Over the last 12 months since we’ve installed our J9051A ZL Wireless Edge Services Module (WESM), we’ve had some intermittent issues with some of our wireless notebooks causing the WESM to freak out and run at 100% CPU and boot all of our wireless stations of the Wireless network. These notebooks work fine on the WLAN 99% of the time but every now and then they freak out and cause problems with the TKIP integrity check.
The notebooks that we’ve had trouble with have had either an Intel or Broadcom wireless NIC:
- Acer 3230 with WLAN: integrated Intel® PRO/Wireless 2200ABG
- HP 1100 Tablet with WLAN: Intel PRO/Wireless LAN 2100 3B Mini PCI
- Motion Computing Tablet with WLAN: Broadcom Wireless
We have many other 3230’s on the WLAN and one other Motion tablet that are identical to the machines that we’ve had issues with, but no other machines have caused the TKIP failure. We’ve updated drivers for the wireless NICs and installed all Windows updates and still haven’t been able to correct the problem?
When the TKIP failure occurs the CPU on the WESM hits 100%, see below, while it tries to perform the TKIP Countermeasures. TechDuke has a great explanation of the TKIP Message Integrity Check (MIC), and explains that when a wireless station fails the MIC, or Michael, hash check twice within 60 seconds then all wireless stations are booted off the wireless network for a minute and forced to reconnect/re-authenticate. Zack de la Rocha was way ahead of his time when he wrote Mic Check, he explains the MIC failure perfectly…

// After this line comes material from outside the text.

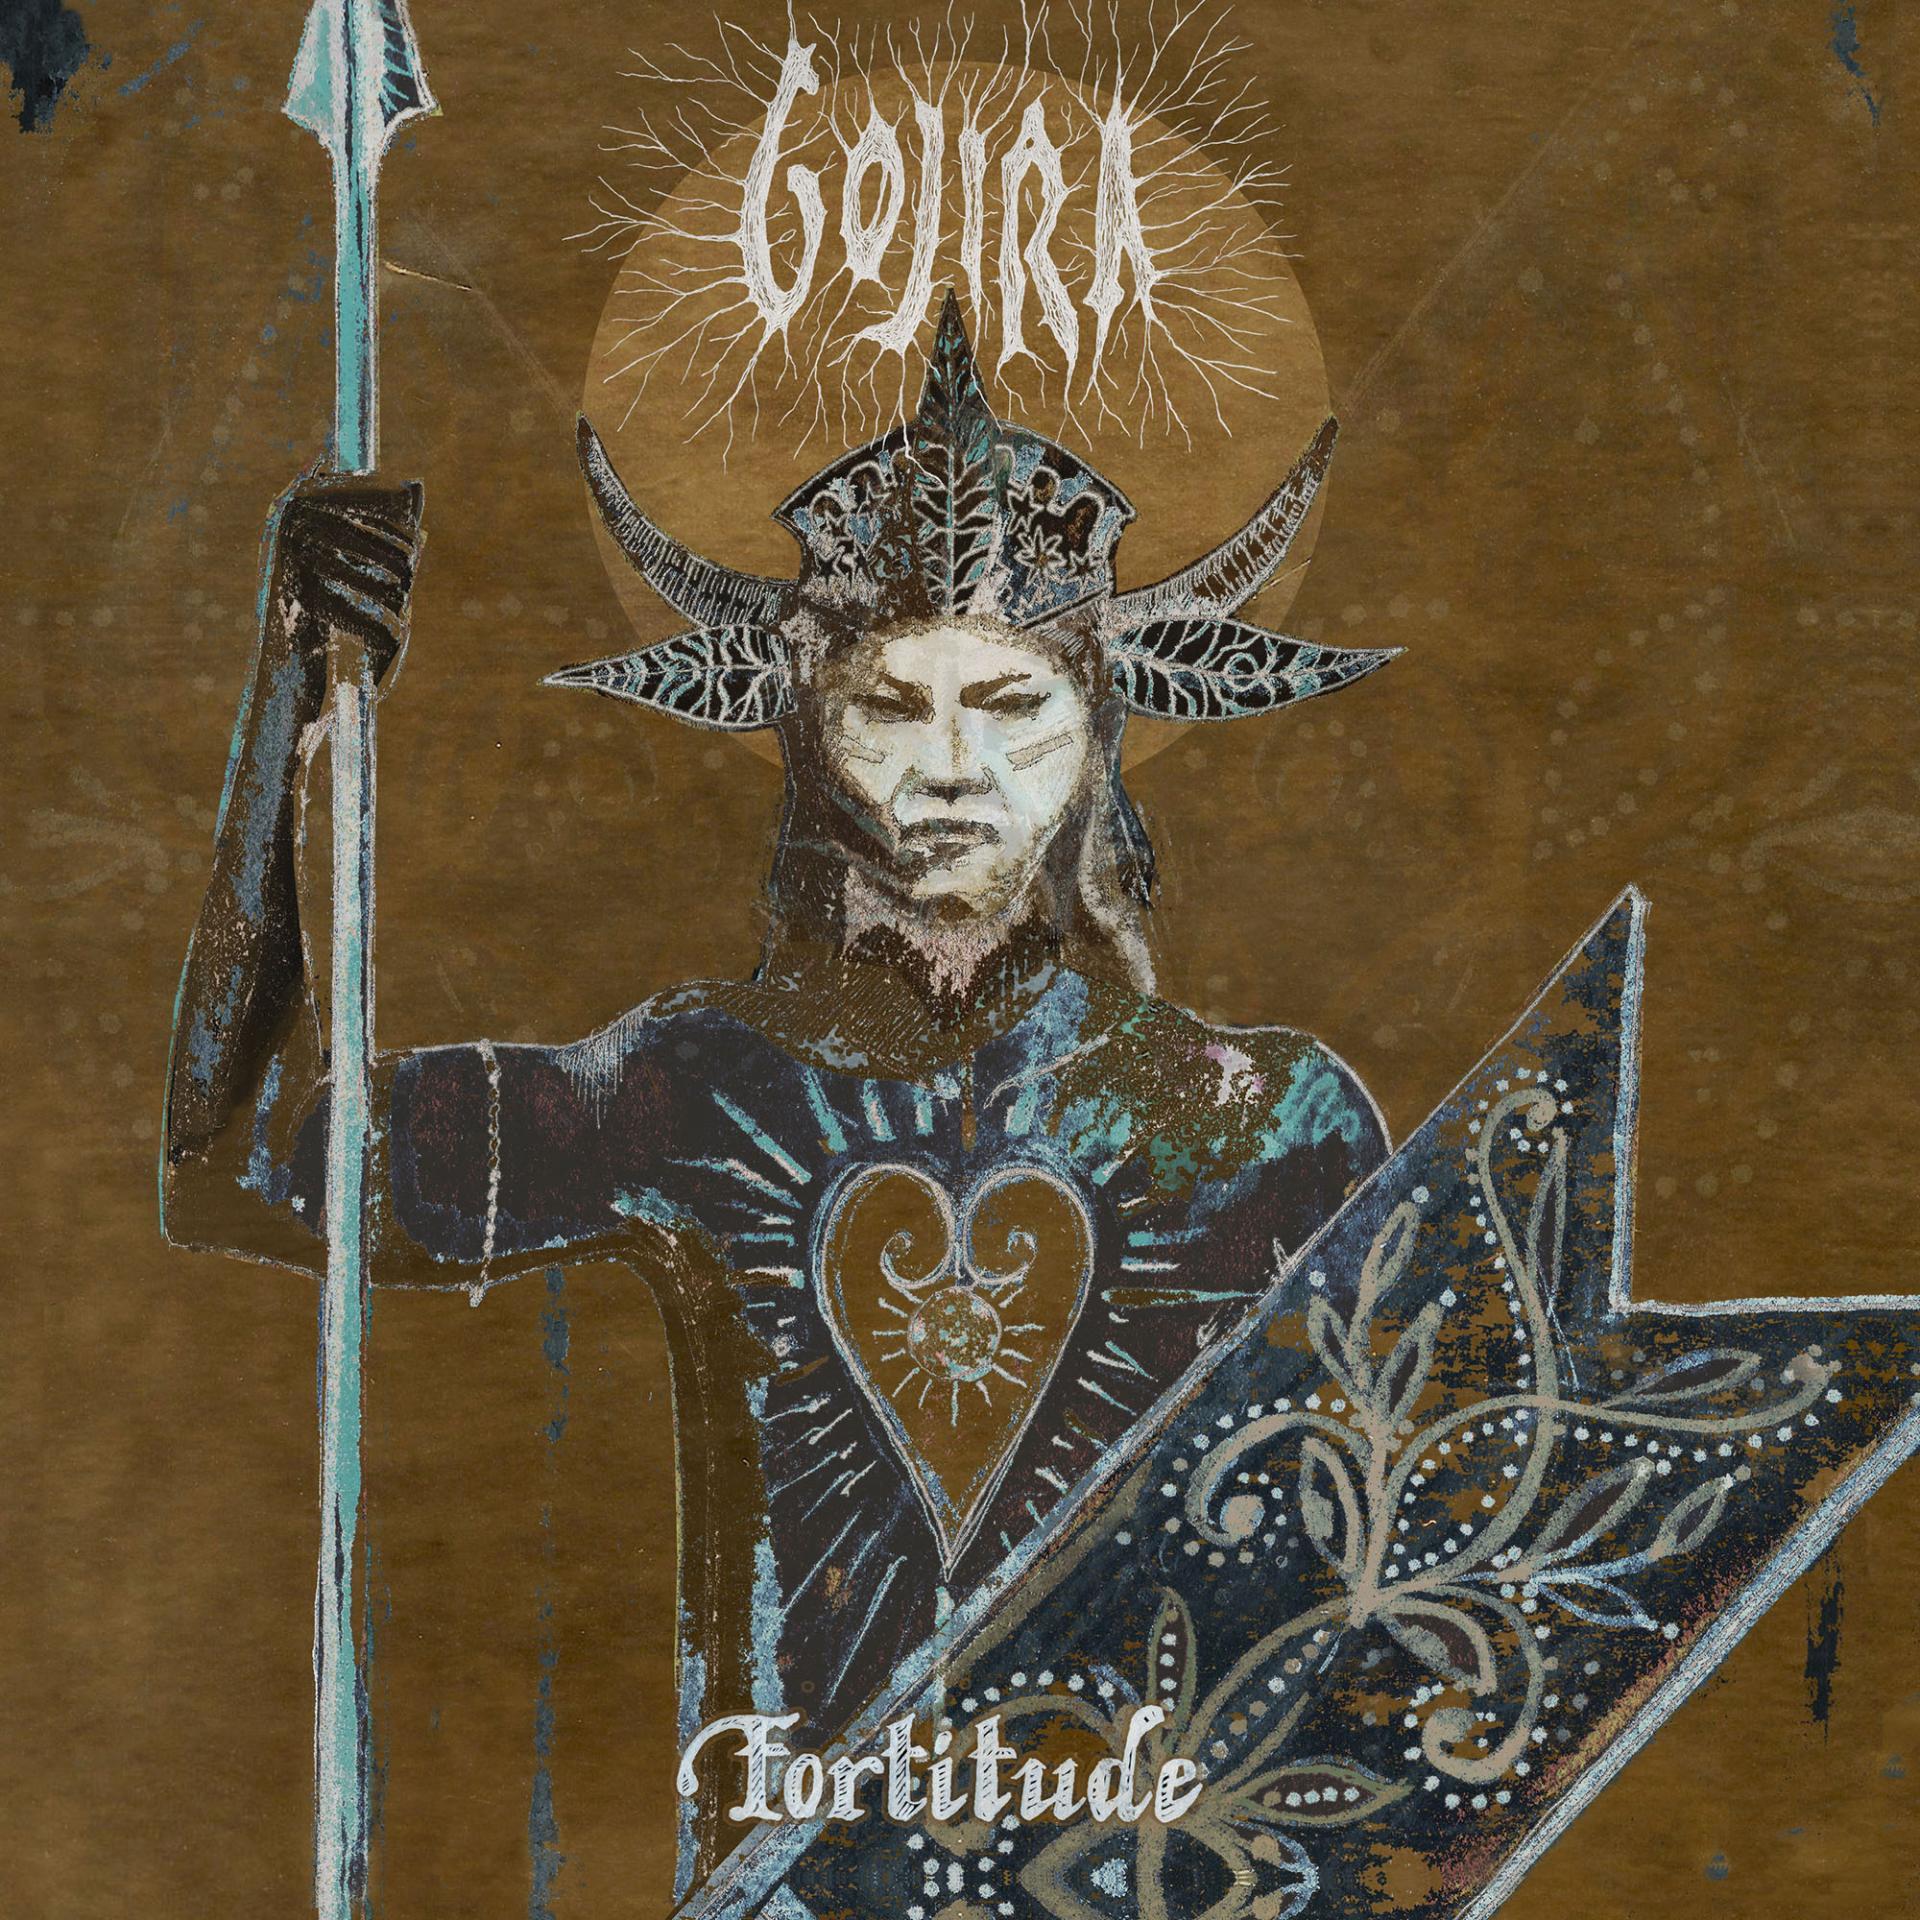 Artwork gojira fortitude

Rage Against The Machine – Mic Check (The Battle of Los Angeles (1999))
Oh Wait a minute now
Ha ha ha
Wait a Minute Now
The Diagnostic page on the WESM showing that the CPU had been running at 100%, as soon as we disabled Dial-in access in Active Directory for the offending notebook we broke the Radius authentication and the WESM went back to running as normal.
Wireless Edge Service Log
1: Feb 06 11:27:46 2009: %CC-4-TKIPCNTRMEASSTART: TKIP countermeasures started on wlan 1
2: Feb 06 11:28:15 2009: %MGMT-4-OTHERREQQUED: request queued in delegated requests
3: Feb 06 11:28:46 2009: %CC-4-TKIPCNTRMEASEND: TKIP countermeasures ended on wlan 1
4: Feb 06 11:28:47 2009: %CC-4-TKIPMICCHECKFAIL: TKIP message integrity check failed in frame on wlan 1
5: Feb 06 11:28:47 2009: %KERN-3-ERR: mic check failure <00-13-CE-04-FB-4A>. (pkt_len 360 prio: 0) rx: <2B-2B-02-DC-00-FF> calc: <A7-CE-2B-B8-45-C6>.
6: Feb 06 11:28:51 2009: %CC-4-TKIPMICCHECKFAIL: TKIP message integrity check failed in frame on wlan 1
Checking the message log on the WESM, we could identify which machine was failing the MIC and which WLAN they were connected to. Line 5 shows the MIC check failure and the MAC address of the offending machine.

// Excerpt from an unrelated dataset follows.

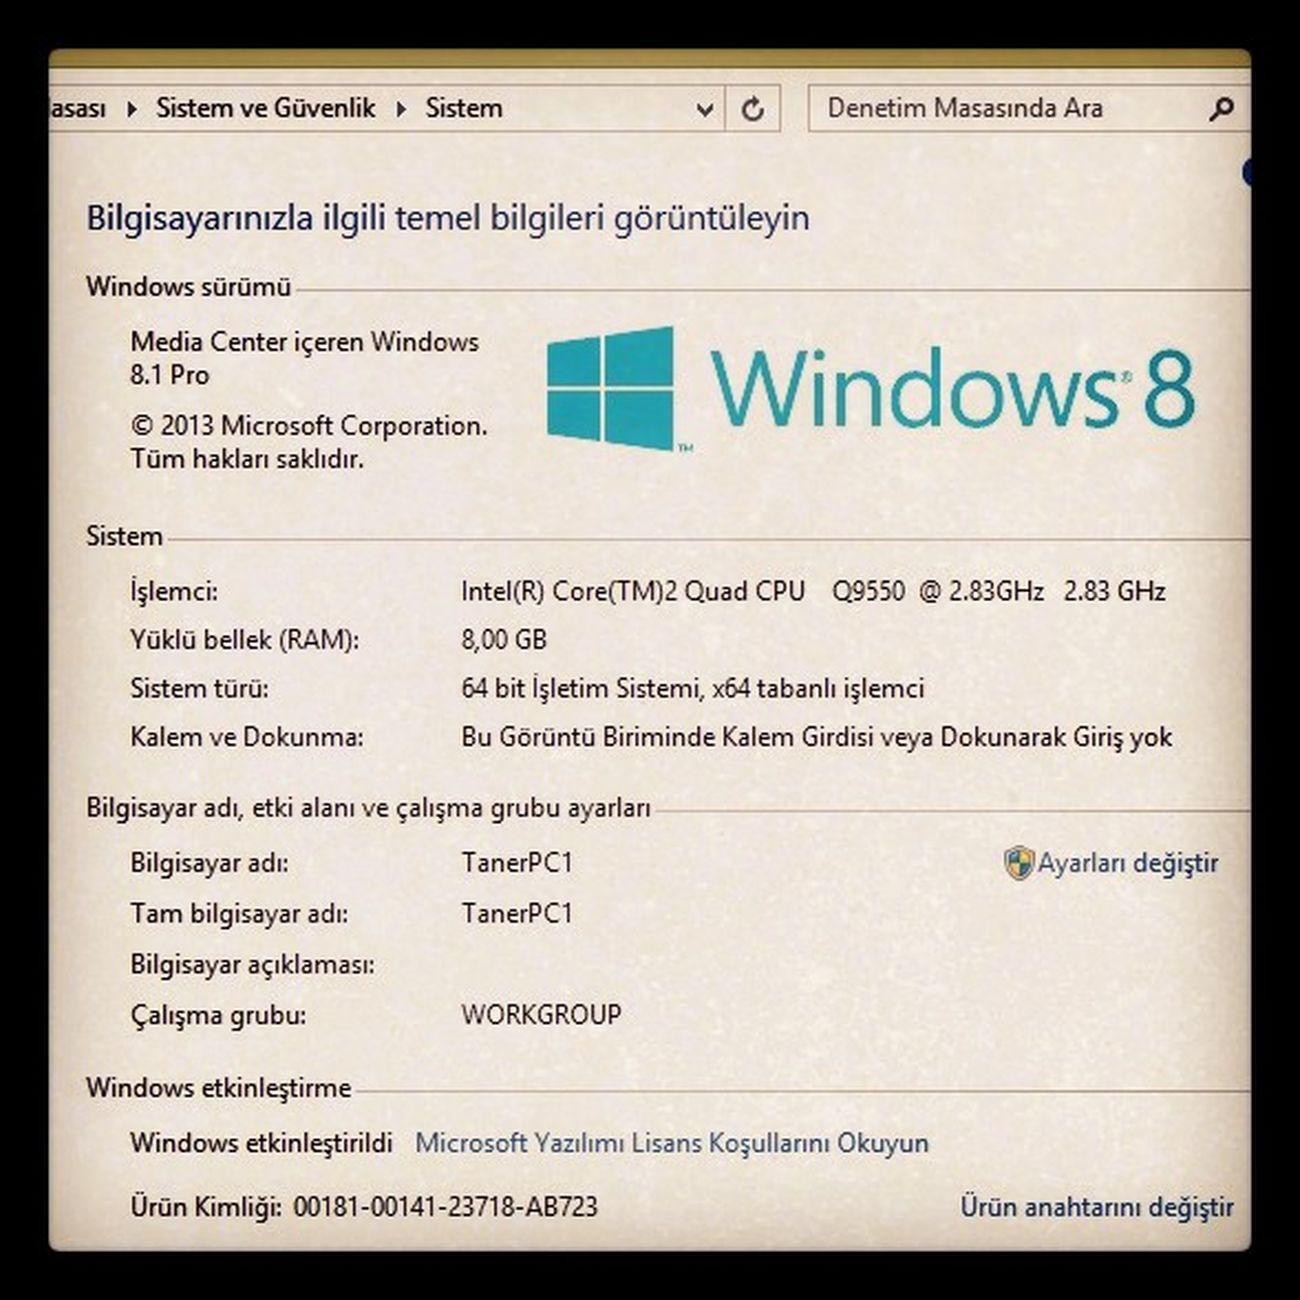 İki günlük uğraş sonucunda, Media Center içeren Windows 8.1 Pro

We traced the offending MAC address back to its owner via the DHCP console and disabled Dial-in access for the computer and on the user account of its owner. This causes WLAN Radius authentication to fail the EAP-TLS auth because a valid certificate and dial-in access are required for access to that particular WLAN.
Currently we’re still running the original firmware wt.01.03 that came with the ZL module, but will update to wt.01.15 shortly and test these machines on the WLAN to see if the updated firmware can handle integrity check failure with a little more grace than the original firmware.